▶ **PROBLEM DETAILS**
The required output is the lines from the one with "086 Paul J Blinov.png" through the end of the data, repeated verbatim, with no pictures included.

▶ **DATA PROVIDED**
=== Begin Enclosure ===
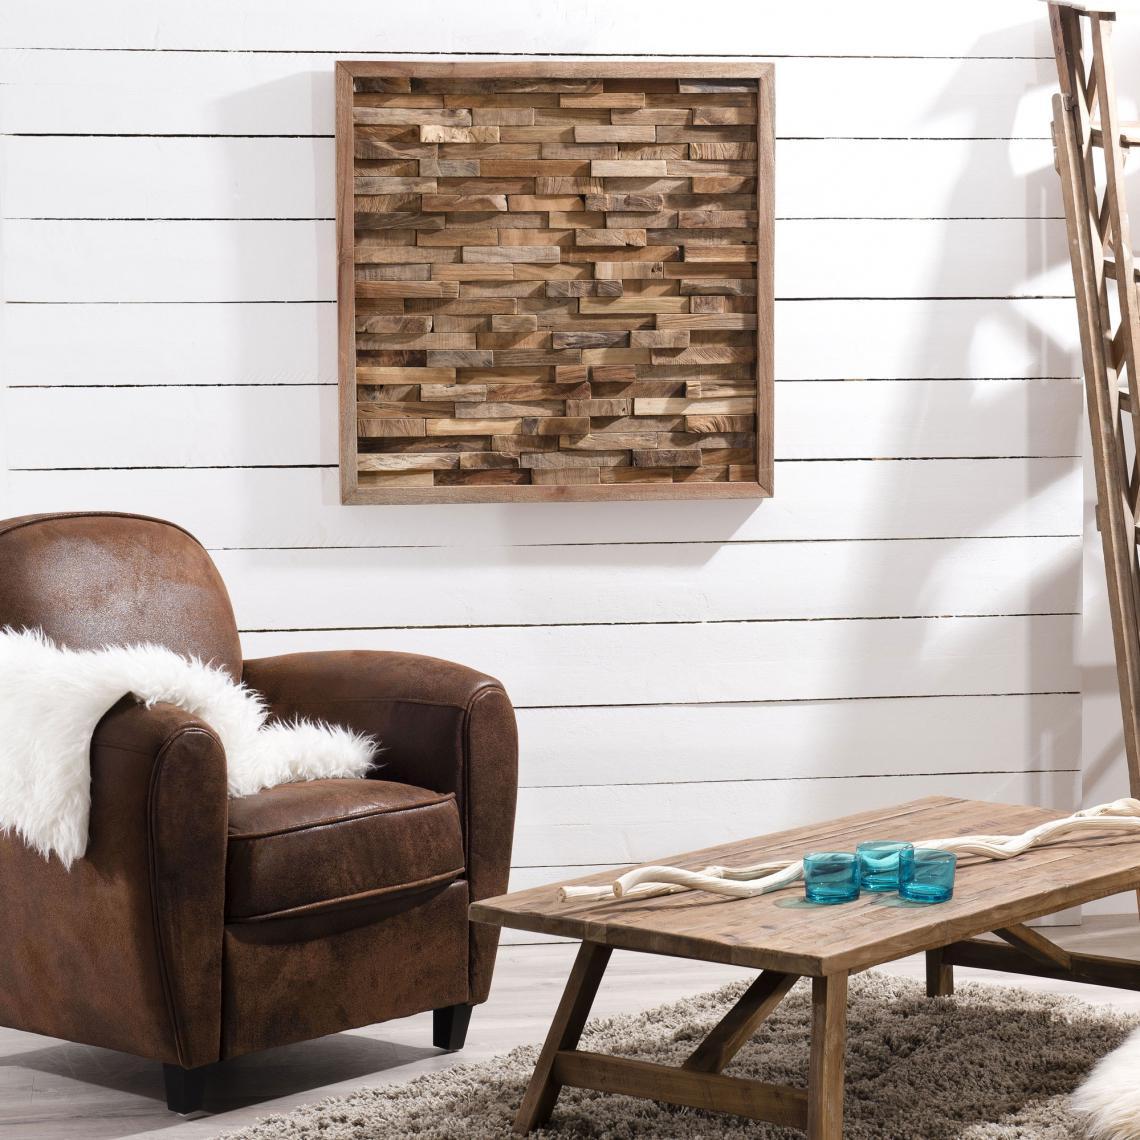 Que Faire Avec Bois Flotté décoration murale carrée avec cadre 80 cm en bois flotté - bois plus de  détails
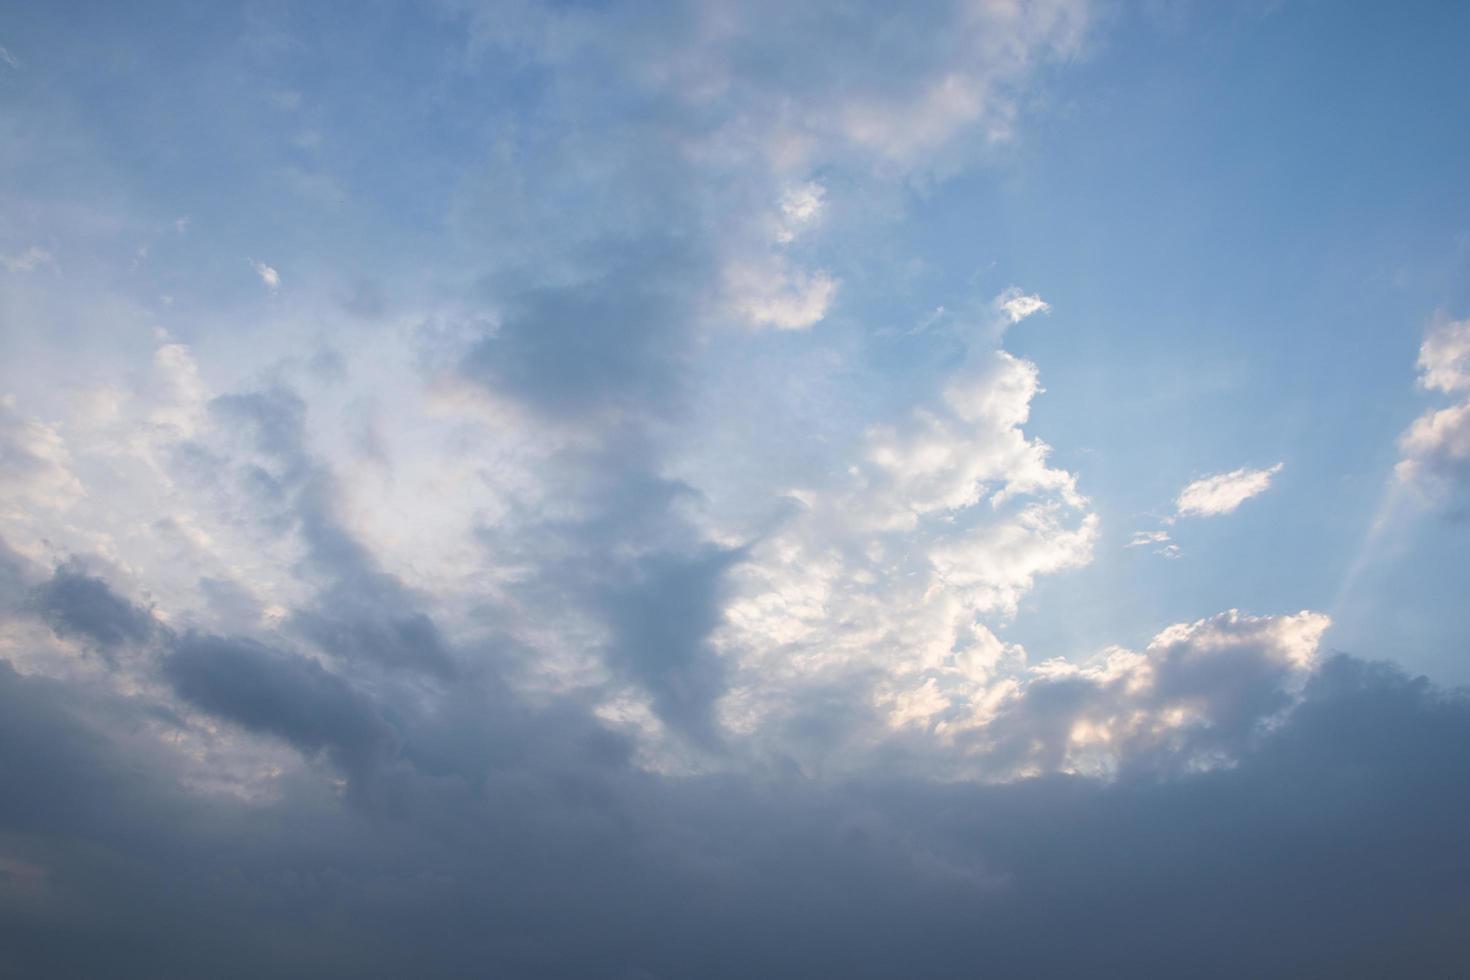 il cielo e le nuvole al tramonto foto
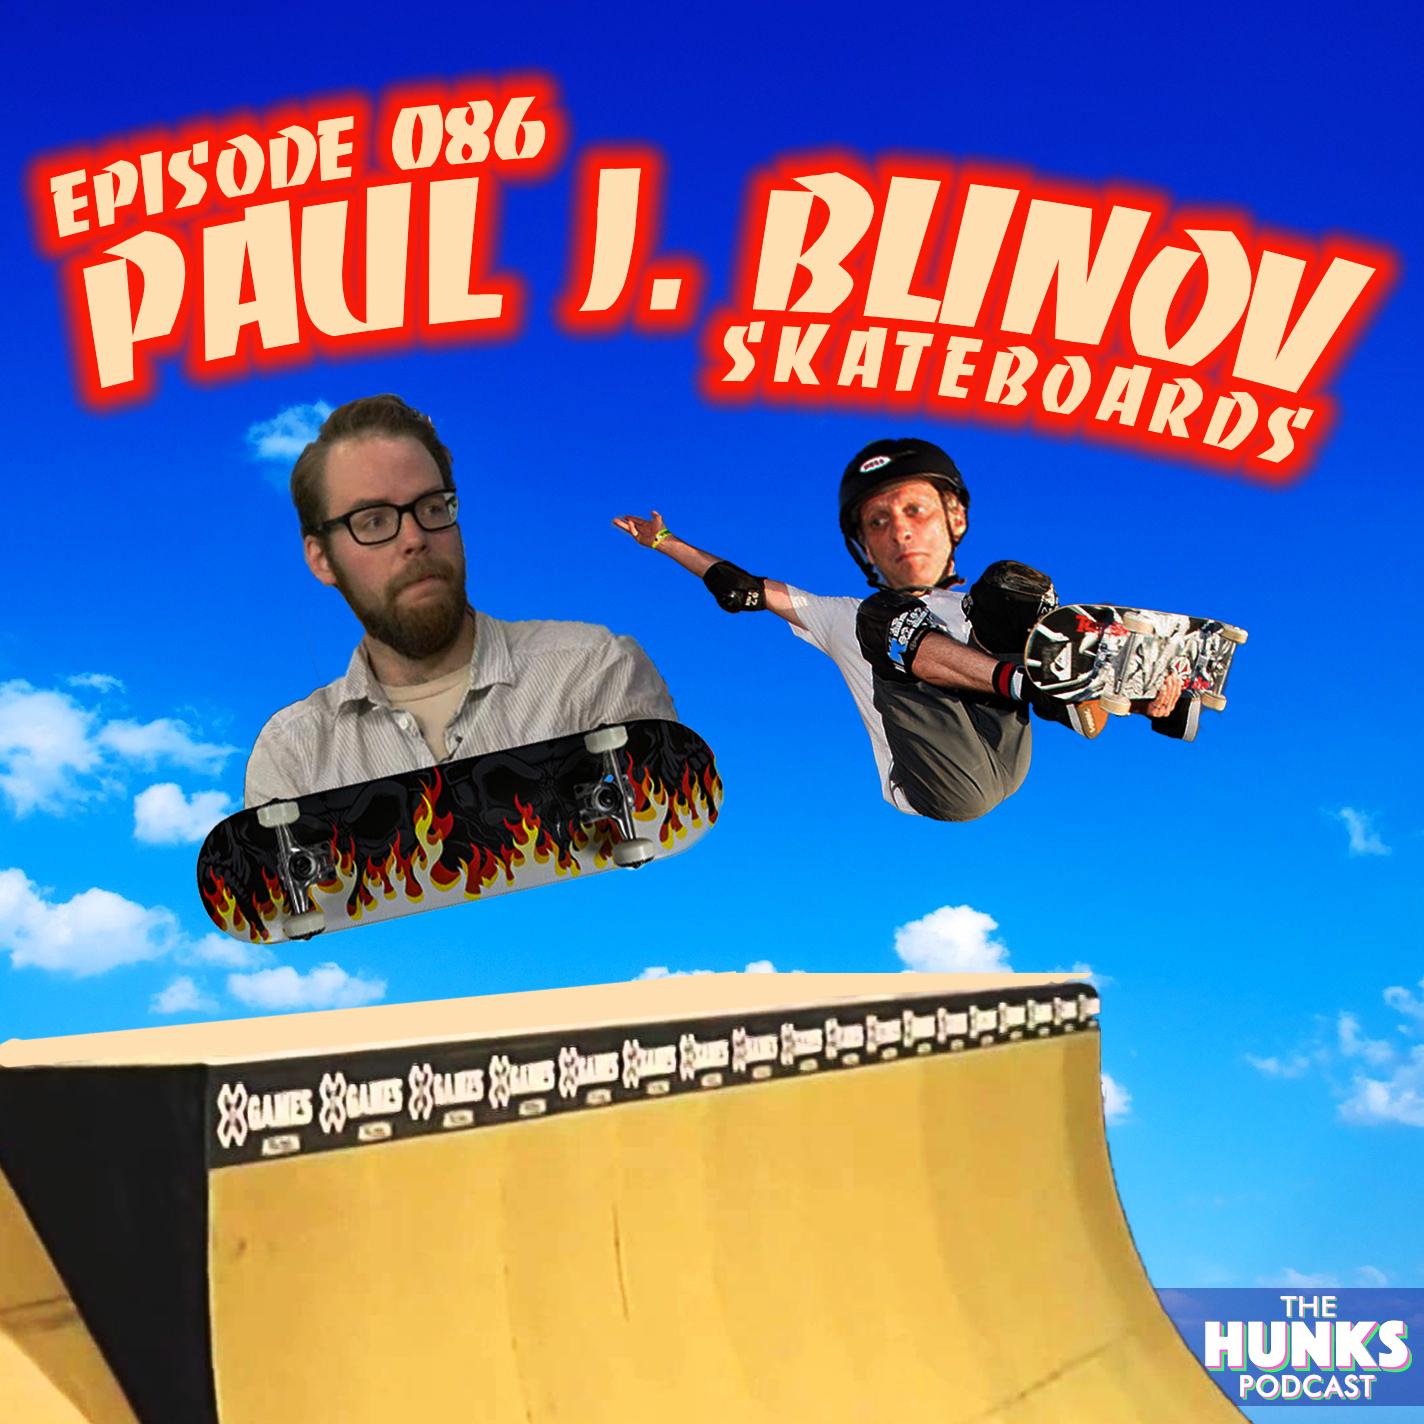 086 Paul J Blinov.png
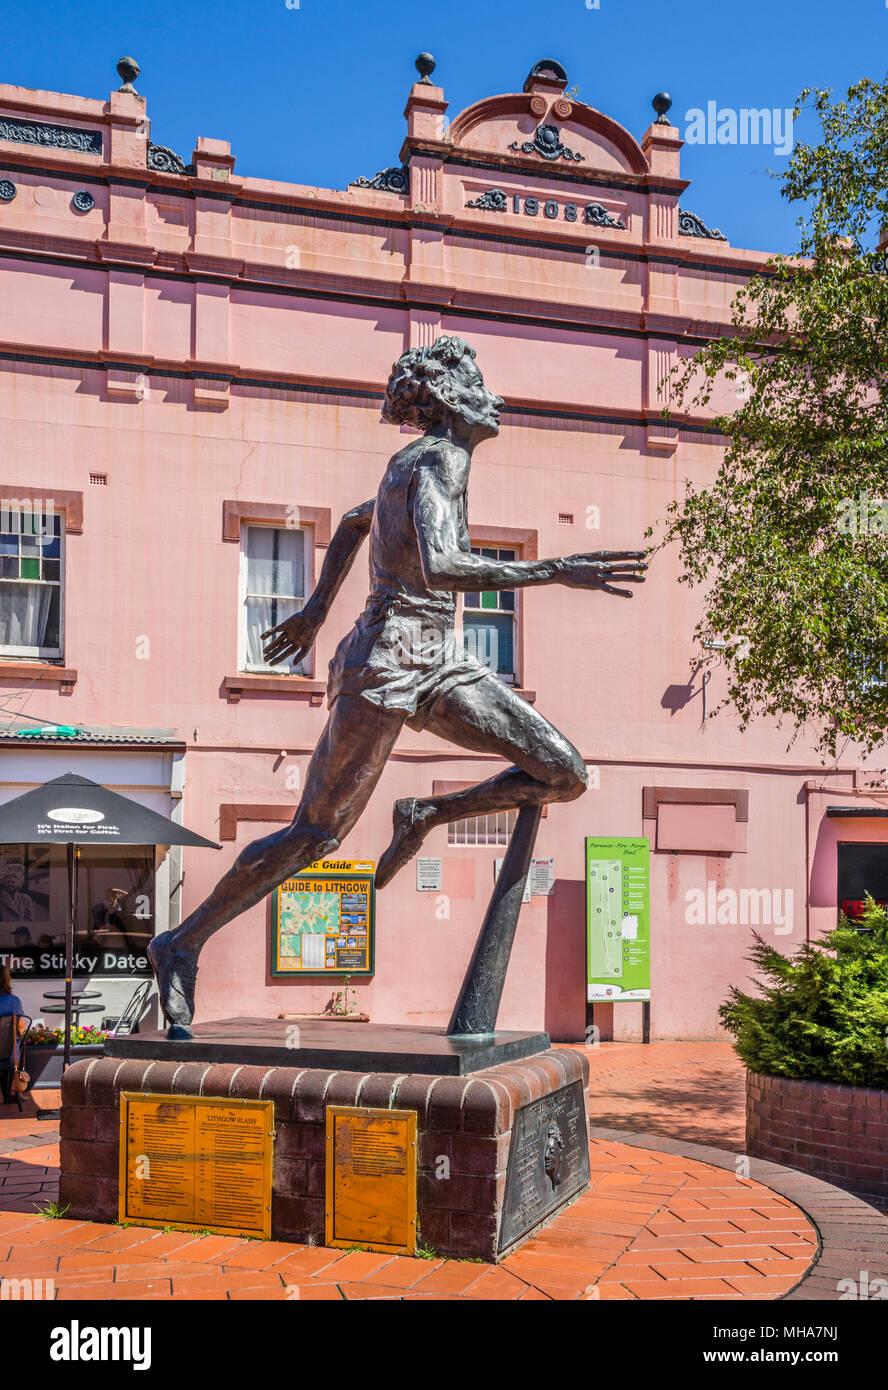 """Memorial a campione atleta Marjorie Jackson-Nelson, soprannominato il """"Flash Lithgow' dallo scultore Antonio Symons, Lithgow, Nuovo Galles del Sud, Australi Immagini Stock"""
=== End Enclosure ===
▶ **WORKED SOLUTION**
 086 Paul J Blinov.png
 """Memorial a campione atleta Marjorie Jackson-Nelson, soprannominato il """"Flash Lithgow' dallo scultore Antonio Symons, Lithgow, Nuovo Galles del Sud, Australi Immagini Stock"""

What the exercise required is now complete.